The challenge Melanie sees most often is the difficulty of coordinating care across the many settings a patient moves through—within a facility and between a primary care provider, specialists, and the hospital. When those pieces do not communicate well, patients are left trying to make sense of it on their own. That is where Upperline Plus steps in. The transitional care program Melanie is part of follows up after a hospitalization or ER visit, confirming that services are in place, medications are accessible, and then checking in monthly for higher-risk patients. It is a program that meets people at exactly the moment they need it most.

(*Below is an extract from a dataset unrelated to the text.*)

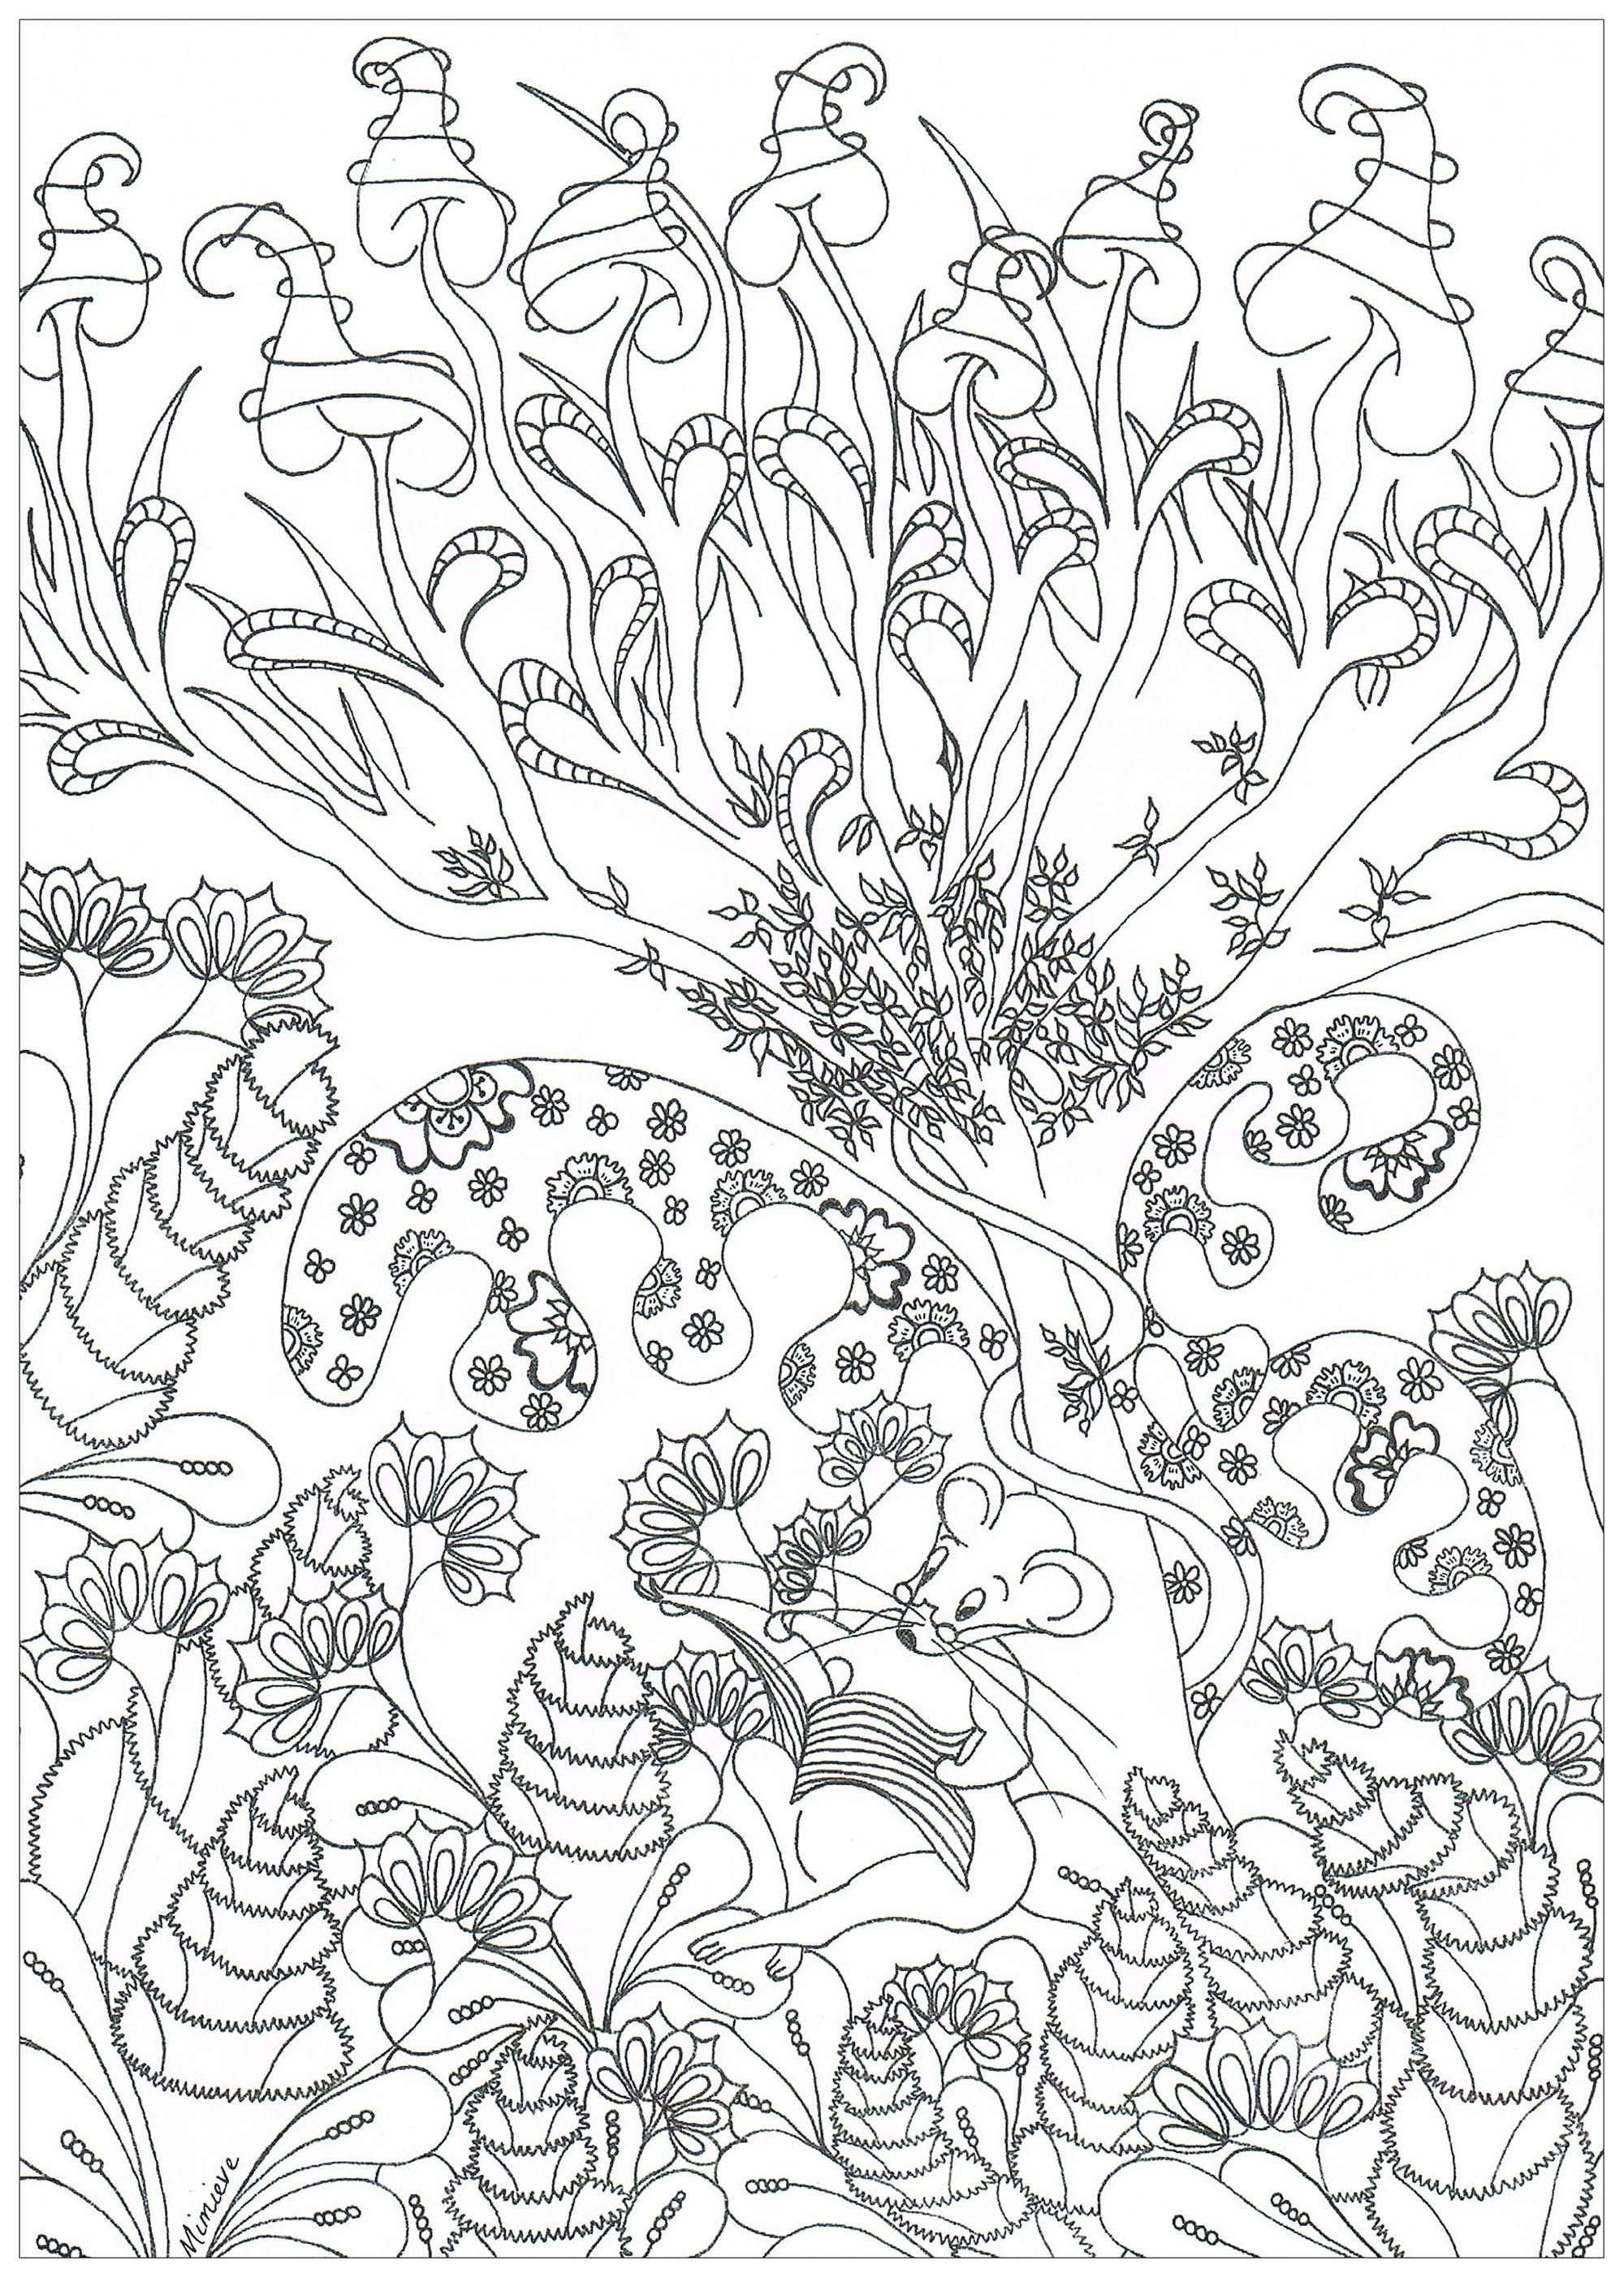 Disegni da colorare per adulti : Giungla e foresta - 1

“By taking one patient at a time, we can hope to achieve a better quality of life through prevention of hospital visits and by bridging the gaps that today’s healthcare challenges have created.”

Melanie Loggains
RN, Upperline Health

For Melanie, success shows up in small, meaningful moments, most often in the form of a patient calling to ask for advice before heading to the emergency room. That phone call means trust has been built, and trust is what leads to fewer acute care events and better health over time. The RN team at Upperline Plus functions as a gateway to the full care team, from pharmacy to dietitians to social work. They triage calls, address changes in condition, and connect patients with nurse practitioners for treatment. In Melanie’s words, their role is to provide coordination and compassion that is too often missing in today’s healthcare system.

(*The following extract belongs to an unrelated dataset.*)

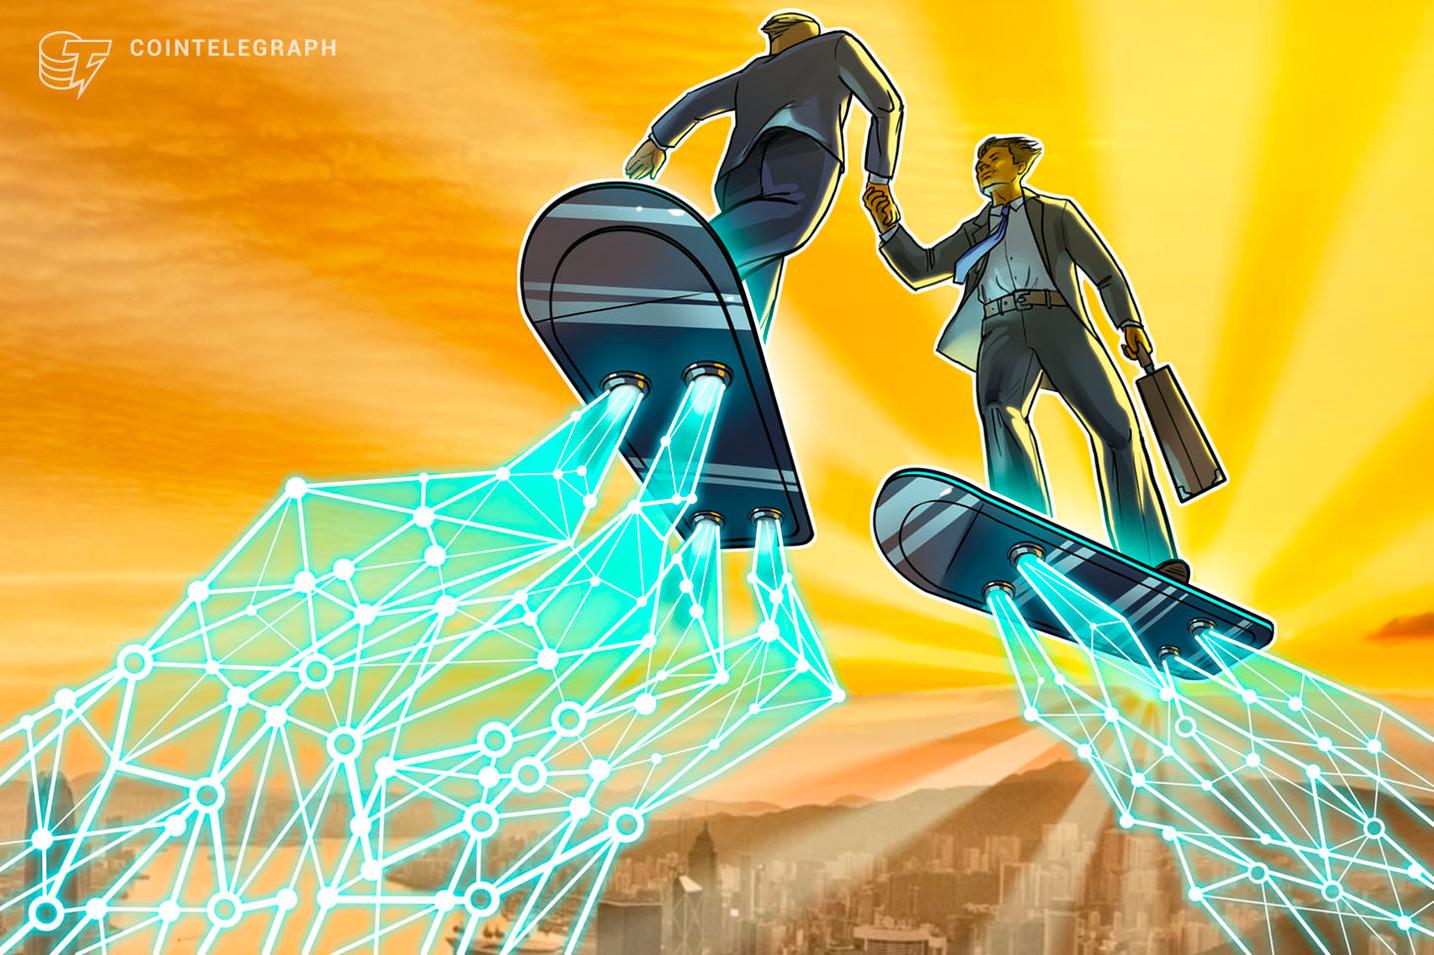 Empresa confirma realização da primeira transação de comércio exterior com Bitcoin entre Argentina e Paraguai

What she finds most rewarding is something deceptively simple: the ability to take the time to explain a diagnosis, walk through a treatment plan, and, perhaps most importantly, listen. Listening makes it possible to individualize care around a patient’s actual goals, not a generic template.

One story has stayed with her. More than once, she has made a transitional care call at the exact moment a patient or family member was sitting at the kitchen table, confused and overwhelmed, trying to work through a discharge medication list. She was able to help them through it in real time—not an hour later, not the next day, but right then. “The smallest victories are the best,” she says. And it is hard to argue with that.

Outside of her work, Melanie is both a reader and a thinker. If she could sit down for coffee with anyone, she would choose C. S. Lewis—drawn to his deeply personal writings on faith, doubt, grief, and what it means to have a relationship with our Creator through Jesus Christ. His works, including Mere Christianity, The Screwtape Letters, Surprised by Joy, The Great Divorce, The Problem of Pain, and A Grief Observed, have shaped her understanding of Christianity—not as a religion, but as a living relationship. Her most recent read, The Nightingale by Kristin Hannah, reflects her appreciation for stories of courage and quiet resilience—themes that are not so far from the work she does every day. And the best piece of advice she has ever received? “Don’t enter nursing for the money.” Those words came from a supervisor at a home health agency when Melanie was still in nursing school, and they have stayed with her ever since—a reminder that what sustains a long career in this field is never a paycheck, but always a sense of purpose.

Why Appreciation Matters During National Nurses Week

During National Nurses Week, we recognize the nurses whose compassion, coordination, and clinical expertise help patients navigate every stage of care. At Upperline Plus, nurses serve as trusted advocates and connections between patients, providers, and families, helping improve outcomes through personalized support and compassionate care.

To Melanie and every nurse on the Upperline Plus team — thank you for the calls made at the right moment, the questions answered with patience, and the care given one patient at a time.

Upperline Health


Happy National Nurses Week, from all of us at Upperline Plus.